Our web site,, continues to be an entry-point for newcomers as well as a resource for long-time members. Our recent addition of EarthSpirit Voices ( has brought sharing and discussion of spiritual practice into our presence on the Web. We look forward to expanding and improving both of these important communication vehicles in the near future.

In the early 1980s we realized that pagans, given the opportunity, could make meaningful contributions to the interfaith dialogues that were developing both nationally and globally, and that we could also benefit greatly from participation in such forums. Since that time, EarthSpirit has played a major role in helping paganism attain a much greater level of credibility and respect within the interreligious movement. The work that EarthSpirit director, Andras Corban Arthen, has been doing through his service on the board of trustees of the Council for a Parliament of the World’s Religions (CPWR) has been growing. Last November, Andras was sent by the CPWR to Guadalajara, Mexico, as part of the site committee which evaluated that city’s bid to host the 2014 Parliament. While there, he also had the opportunity to meet with many local pagans as well as several indigenous leaders.
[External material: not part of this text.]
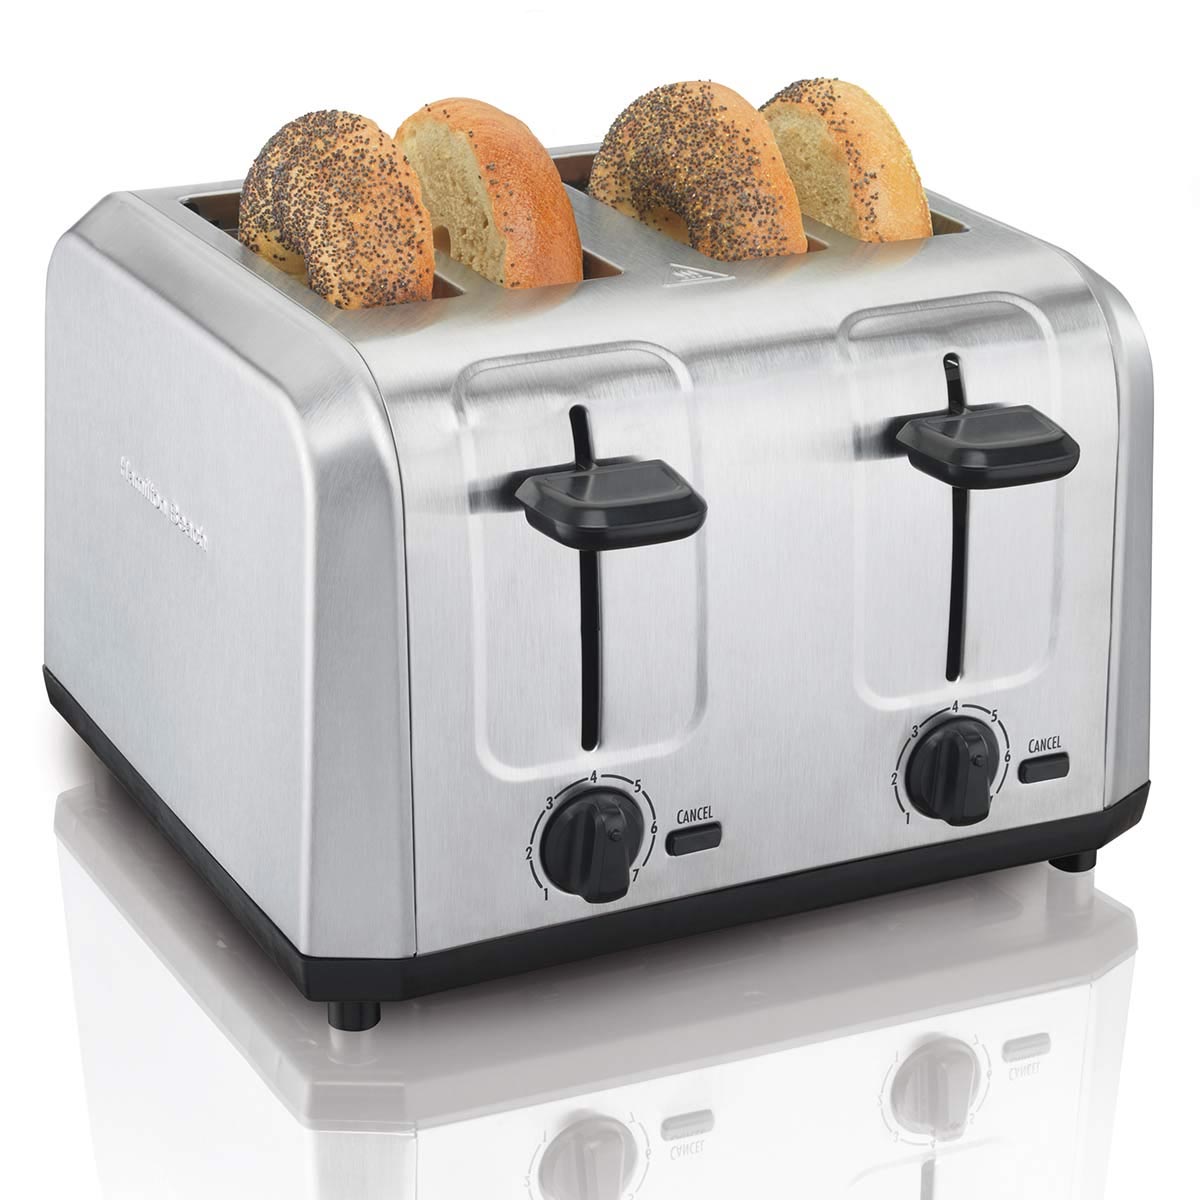 Brushed Stainless Steel 4-Slice Toaster (24910G)

In February, Andras went to Chicago to help choose the host city for the 2014 Parliament, which will be Brussels, Belgium. In early May, he was sent back to Guadalajara along with CPWR executive director Dirk Ficca to explore ways to maintain a working relationship with the local group that organized that city’s bid, including a collaboration to develop an interreligious initiative throughout Latin America. As a result of that trip, Andras was asked to serve as the CPWR’s liaison with the Guadalajara group. In addition, Andras was elected again to the CPWR’s executive committee, and was asked to oversee the Parliament’s Ambassadors program, which coordinates several hundred Parliament supporters from all over the world.
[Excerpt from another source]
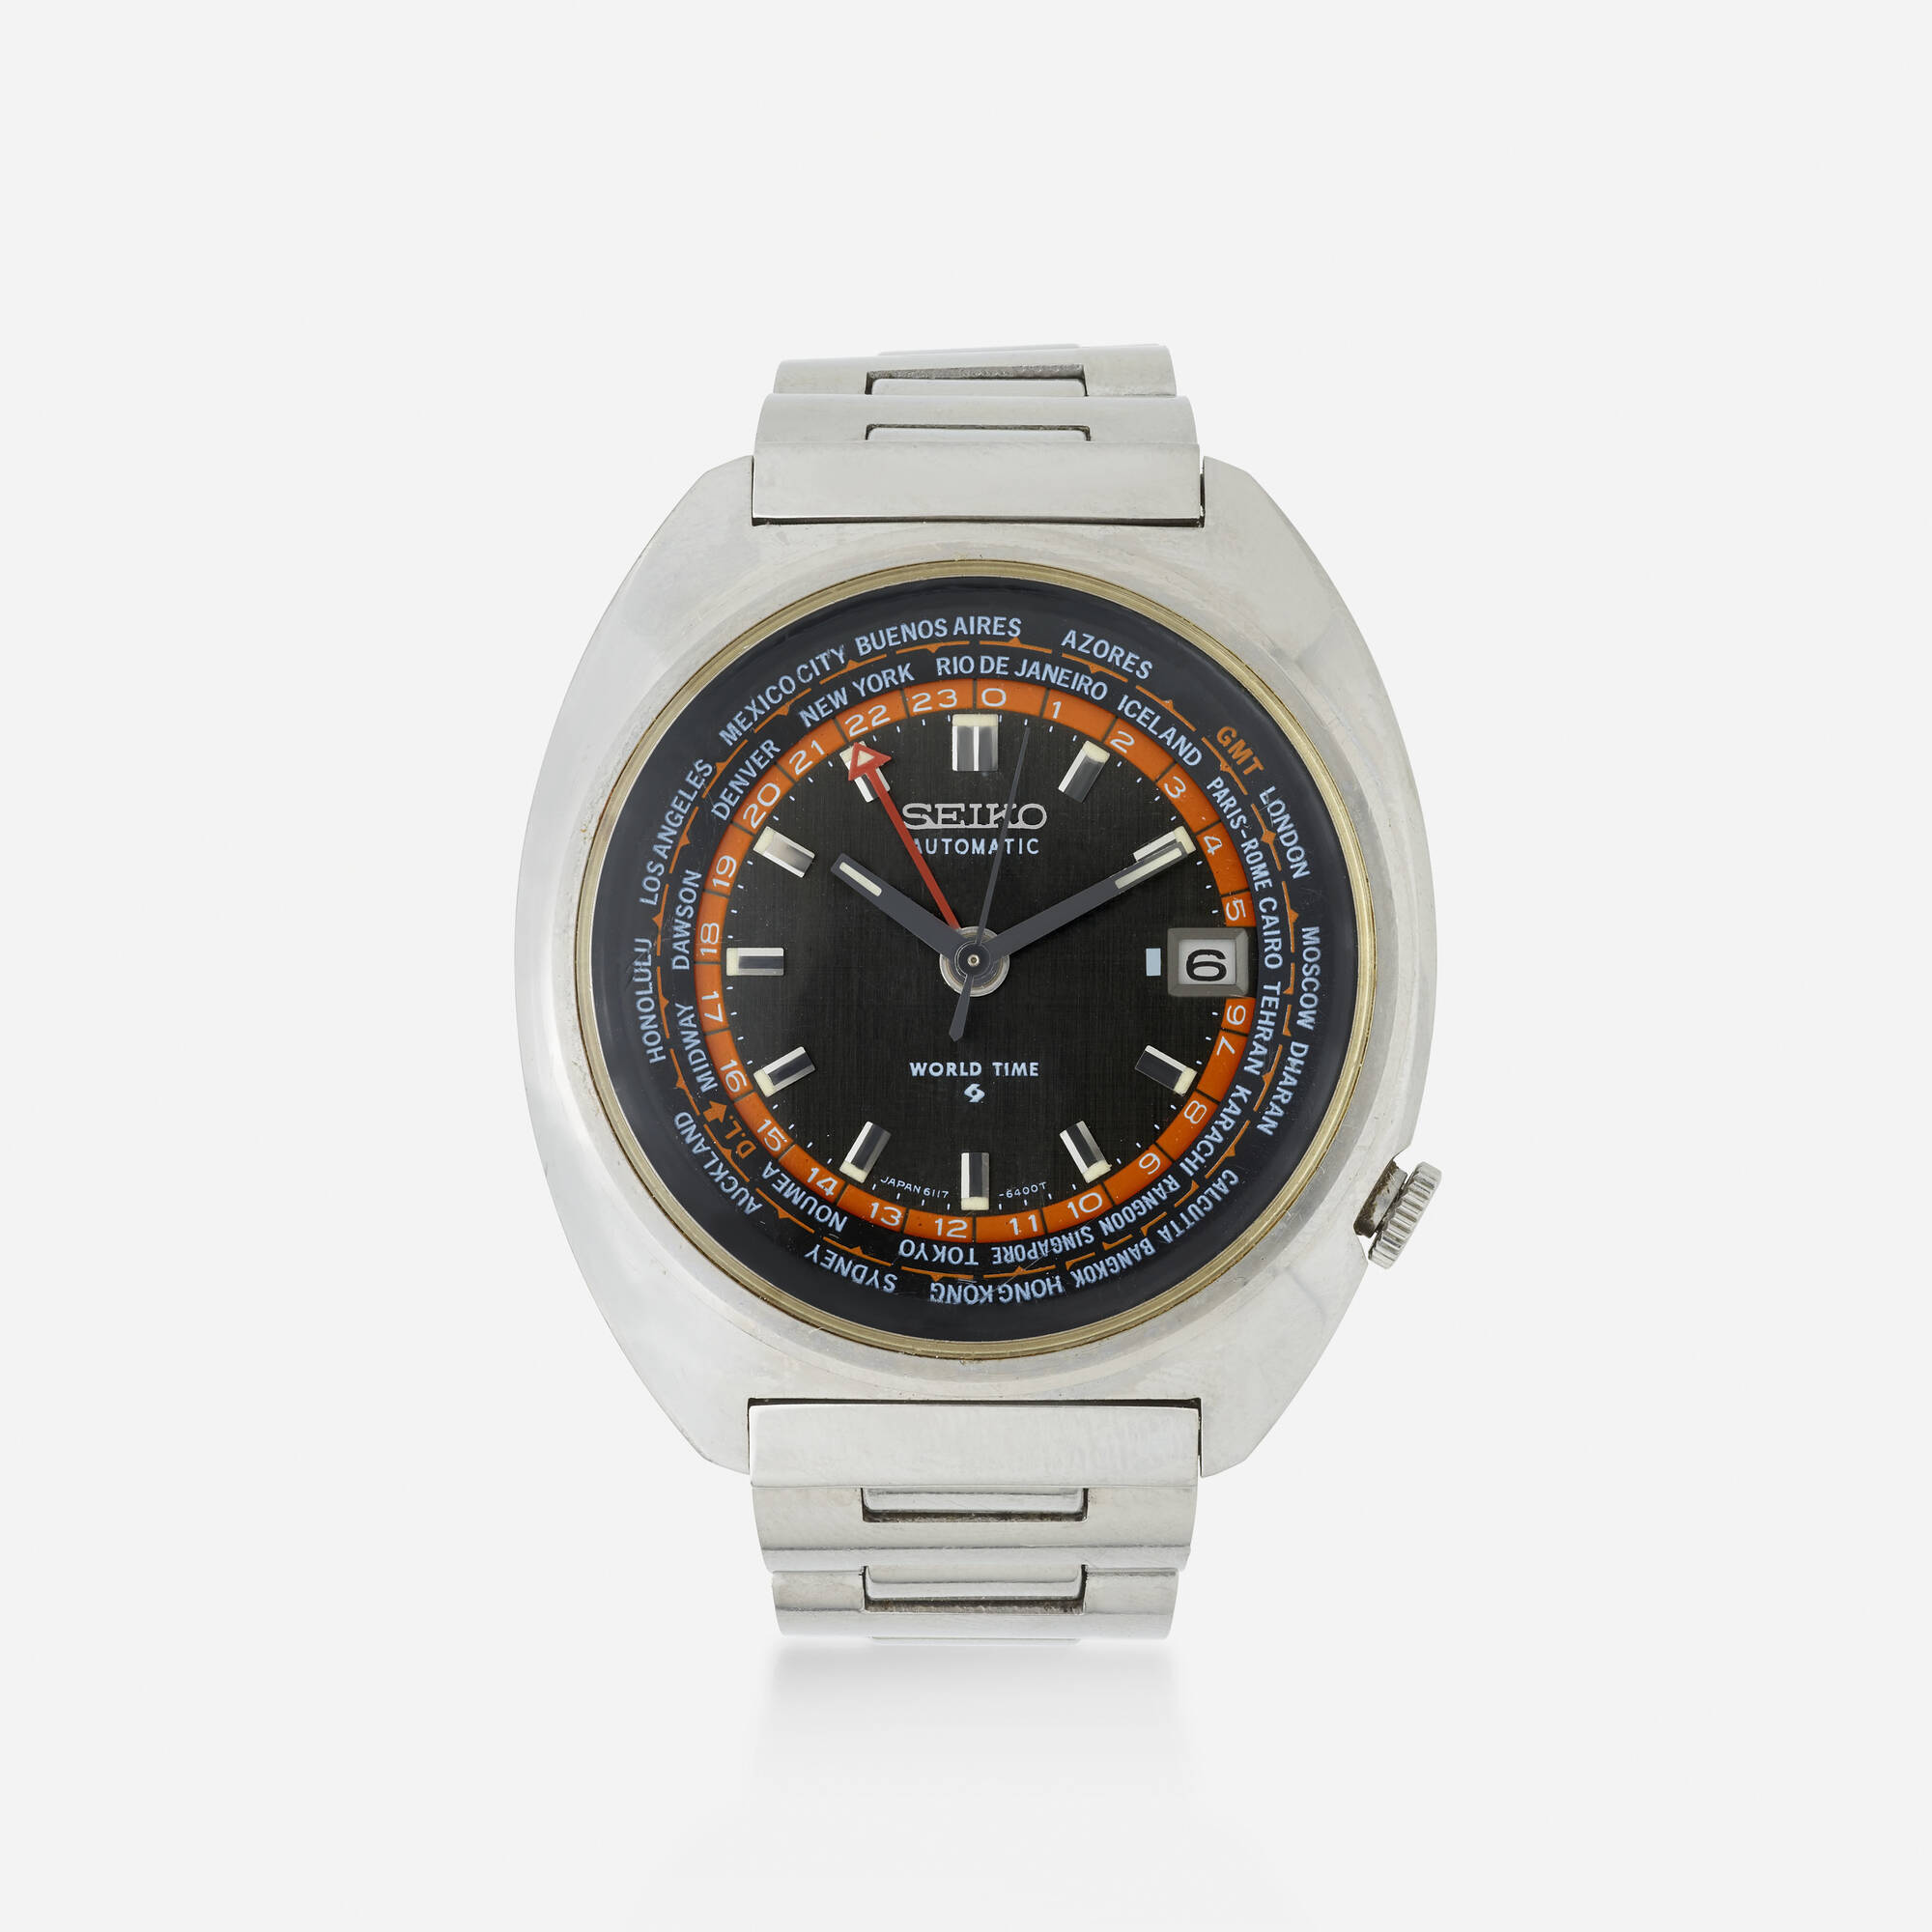 275: SEIKO, 'World Time' wristwatch, Ref. 6117-6400T < Important Design, 10  June 2021 < Auctions | Wright: Auctions of Art and Design

The ‘Indians’ of Old Europe, the presentation that Andras has been offering in recent years which places the surviving pagan traditions in the context of Indigenous European spirituality, has been receiving a great deal of favorable attention throughout the interfaith movement, with lots of people telling him how it’s helped them to see paganism in a different light and to take it much more seriously. As a result, he has been receiving many invitations to speak at interfaith and academic events in the U.S. and abroad, including two next year in India and Denmark. Unfortunately, those invitations rarely cover all of the expenses involved, so the only way he is able to attend is through the support and generosity of our community.

EarthSpirit has been committed to young people since the outset. Without engaging and including youth, any community becomes unsustainable. Our mentoring programs, Rites of Passage ceremonies and ongoing activities such as EarthSpirit PeaceJam help those growing up within our community learn from the experience of elders while finding their own voices and means of expression. In the coming year we look forward to continuing and expanding our support for these programs.

In 2011, thanks to our generous donors, we have replaced our sluggish and undependable office computers with new Dells that actually work reliably. What a difference it makes for our office volunteers! We have also begun work to completely revamp our database system using expert volunteers to develop and create a configuration that will greatly improve our ability to stay connected with members across the US and around the world.

As you might imagine, all of this work, in so many areas, requires a significant amount of money to sustain it. Despite the struggling economy over the past few years, our community has been very generous. We have consistently received contributions large and small -- both in the mail and at the auction at Rites of Spring. We appreciate every single one. Please consider increasing your donation to EarthSpirit this year to help us move quickly toward our goals.

We count on you to be a part of the web that holds us together on so many levels. Thank you all for helping EarthSpirit to continue moving forward!